Great Student Notes on Moore v. Harper and Allen v. Milligan in Harvard Law Review’s Supreme Court Issue

Moore v. Harper note:

“[T]he biggest threat to US democracy since January 6.”1 “[A] theory that could upend elections.”2 “It’s Hard to Overstate the Danger of the Voting Case the Supreme Court Just Agreed to Hear.”3 These headlines highlight that many feared the Court would adopt the “Independent State Legislature Theory” (ISLT) — a theory that, in its maximalist form, would let state legislatures write congressional election rules without regard for state constitutional limits and with no role for state judicial review.4

These fears now seem mostly moot. Last Term, in Moore v. Harper,5 the Supreme Court held that state courts may exercise “ordinary judicial review”6 of state rules governing congressional elections.7 This ruling rejected the maximalist ISLT, preserving state courts’ power to strike down election laws — such as partisan gerrymanders or schemes to skew ballot counting — if they violate the state’s constitution. One once-fearful commentator now sees Moore as a “resounding and reverberating victory for American democracy.”8 But the case is not so simple. While Moore stops some threats to fair elections, it asserts a muscular vision of federal judicial power that raises new democratic difficulties.

Allen v. Milligan note:

Moreover, the Court does not need to invalidate a race-conscious section 2 to limit its reach. For example, if most Justices doubted that racial minorities’ representation is itself a compelling interest, they could insist that plaintiffs show more in the totality of the circumstances — where courts look for election procedures that are stacked against minorities, racial disparities in economic or social life, campaigns with racial dog whistles, and other evidence of a political system that does not respond to racial minorities’ interests.87 By making this prong more demanding, the Court could limit section 2 to instances of racially hostile politics that are egregious enough to qualify as discrimination in the Justices’ eyes. In short, even if a Fourteenth Amendment challenge does not lead to section 2 being struck down, it could make these cases harder for plaintiffs to win.88 Even as Milligan ruled against Alabama at every turn, it left these arguments — and this result — available to the next Alabama.

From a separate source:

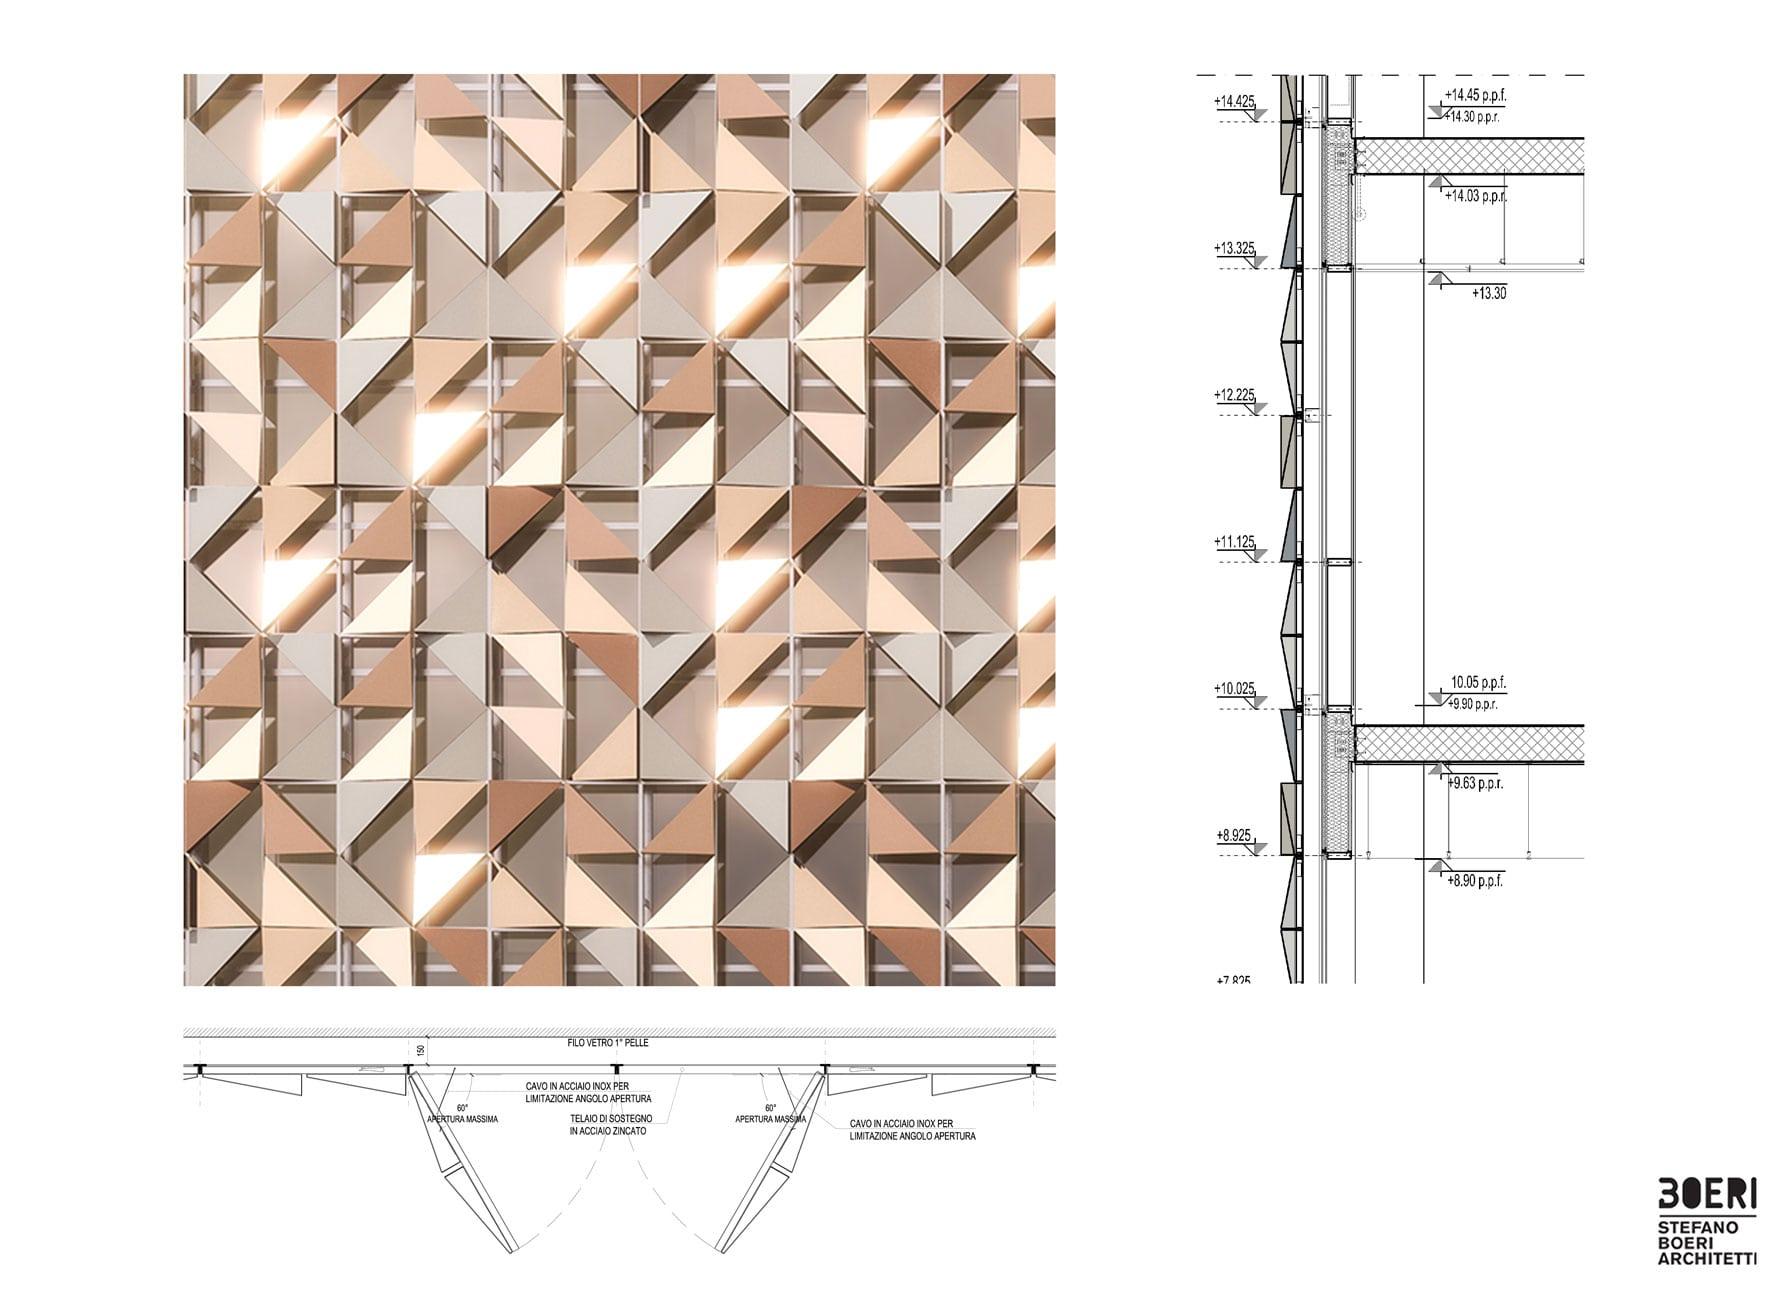 blloku cube | Stefano Boeri Architetti

Meanwhile, Milligan positively invited a separate constitutional challenge. Justice Kavanaugh — the swing vote in Milligan — surfaced the principal dissent’s argument that “even if Congress in 1982 could constitutionally authorize race-based redistricting under § 2 for some period of time, the authority to conduct race-based redistricting cannot extend indefinitely into the future.”89 And he pointedly proclaimed that since Alabama had not raised this issue, he “would not consider it at this time.”90 The invitation to future defendants seems clear.91 Especially after Students for Fair Admissions, Inc. v. President & Fellows of Harvard College92 (SFFA), which emphasized that race-conscious remedies must have clear endpoints.93 Scholars have argued that Gingles builds in an endpoint: because plaintiffs must show that voting is racially polarized, once race no longer divides voters, plaintiffs will never make it past Gingles’s preconditions and race-conscious districts will fade into history.94 But the Supreme Court might see things differently. It has suggested — including in Milligan95 — that race-conscious districting itself divides voters by race and makes race play a larger political role.96 The Court seems unlikely to accept that section 2 has endpoints if it thinks that the statute makes those endpoints harder to reach.

Already, defendants seem intent on forcing lower courts to address the constitutional issues that Milligan avoided. Just one week after the Court decided SFFA, Louisiana argued that a district court should reassess whether section 2 is still constitutional.97 And Alabama has defied the Supreme Court’s order to draw a second majority-Black district, forcing the case to continue in the lower courts (if only long enough for the State to lose again).98 To be sure, Milligan put race-conscious districting remedies on the safest ground that they have held for decades. But it did so by holding only that section 2 requires them. It left open, and even encouraged, the claim that a race-conscious section 2 must yield to a race-blind Fourteenth Amendment. If that argument succeeds, it would significantly reduce how much racial minorities can influence politics, elect representatives who will respond to their voices, and create legislatures that look like the state they represent.99 After Milligan, that challenge is coming next.